Though many researchers have provided extensive data comparing their QCT/FEA based results to experimental results, to our knowledge, none have examined the quality of the CT input data as a determining factor for the outcome of the FE analyses. The objective of our study was to compare if FE models whose grey scale values were obtained from low amperage scans reconstructed with smooth kernels (low resolution) are predicting strength and stiffness values comparable with models whose grey scale values were obtained from high amperage scans reconstructed with sharp kernels (high resolution) – the former representing the standard for clinical settings, and the latter representing the current standard in research settings. This will provide valuable information on whether QCT/FEA bone strength and stiffness predictions using lower quality clinical QCT scans are similar to those using techniques developed using research quality scans of cadaveric femora. We thus compared how finite element estimations of strength and stiffness for a sample of 44 cadaveric femora scanned at high and low scanner resolution settings were correlated to each other, and individually with experimental test results in a fall-on-the-hip configuration.
2. Methods
2.1 Experimental Tests
All experimental procedures were approved by our Institutional Review Board and followed methodologies published previously. Some details on materials and methods relevant to the current study are briefly recapitulated (Dragomir-Daescu et al. 2011).

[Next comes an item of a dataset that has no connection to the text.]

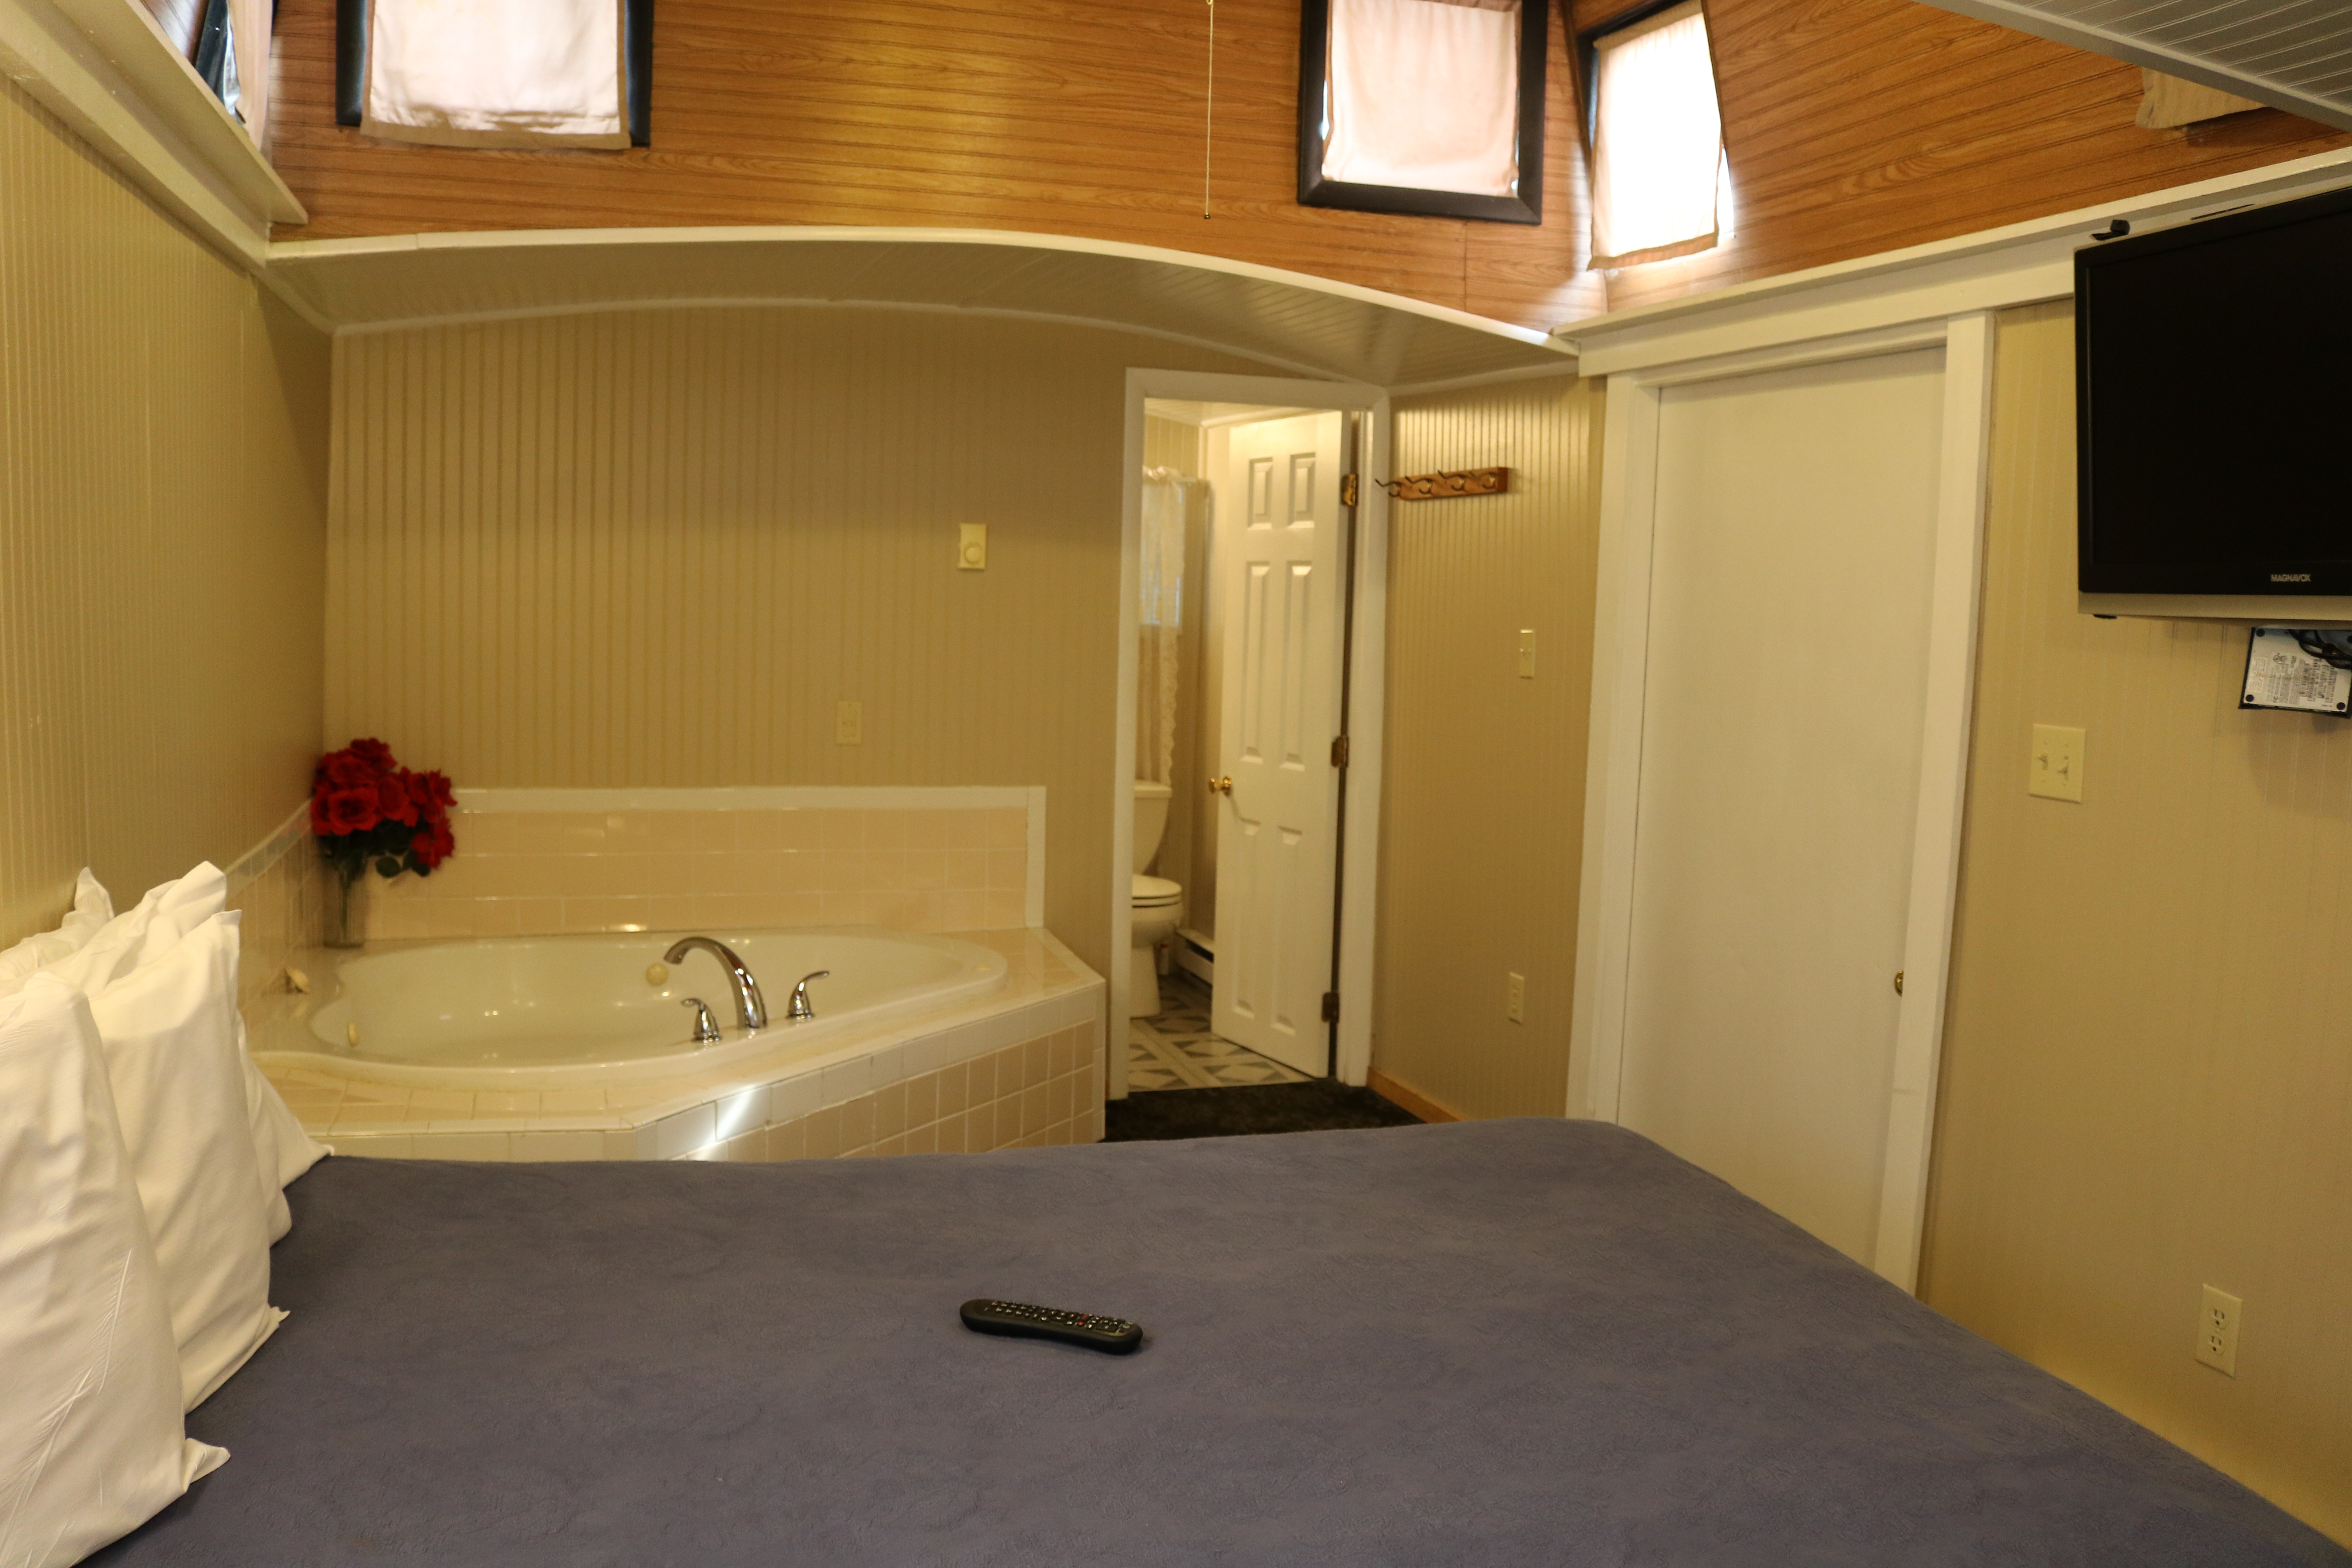 interior view of honeymoon caboose motel room

2.1.1 Femur Specimens and QCT Scanning Protocol
Forty-four fresh frozen, transplant grade cadaveric femora were obtained from 44 individual donors (Table 1). The specimens were selected from a larger cohort of 100 cadaveric specimens based on femoral neck areal bone mineral density (aBMD) T-score (GE Lunar iDXA, GE Healthcare Inc., Madison, WI) such that the sample uniformly covered the range from osteoporotic to normal. All specimens were thawed to room temperature and scanned in air for maximum contrast using a Siemens Somatom Definition CT scanner (Siemens Healthcare, Forchheim, Germany). Each femur was scanned twice in the same position using two distinct QCT protocols for model comparison (Fig. 1).
Table 1.
Bone Quality | Quantity | T-score | Mean Age at death | Age range | Sex | Side | Mean (SD)Femoral Neck aBMD (g/cm2) |
---|---|---|---|---|---|---|---|
Osteoporotic | 14 | ≤ −2.5 | 75 | 53–97 | 12 Females, 2 Males | 7 Right, 7 Left | 0.592 (0.090) |
Osteopenic | 15 | −2.49, −1 | 67 | 46–91 | 10 Females, 5 Males | 6 Right, 9 Left | 0.802 (0.061) |
Normal | 15 | ≥ −1 | 59 | 34–89 | 5 Females, 10 Males | 9 Right, 6 Left | 1.027 (0.147) |
High Resolution Research QCT Protocol: Scanner power – 120kVp and 216mAs; Image reconstruction – sharp (U70) kernel with in-plane pixel size 0.3–0.45 mm (Fig. 1A); Slice increment and thickness – 0.4 mm; Average number of QCT slices per femur – 1120.
Low Resolution Clinical QCT Protocol: Scanner power – 120kVp and 20mAs; Image reconstruction – body (B30) kernel with in-plane pixel size 0.3–0.45 mm (Fig. 1B); Slice increment and thickness – 2 mm; Average number of QCT slices per femur – 230.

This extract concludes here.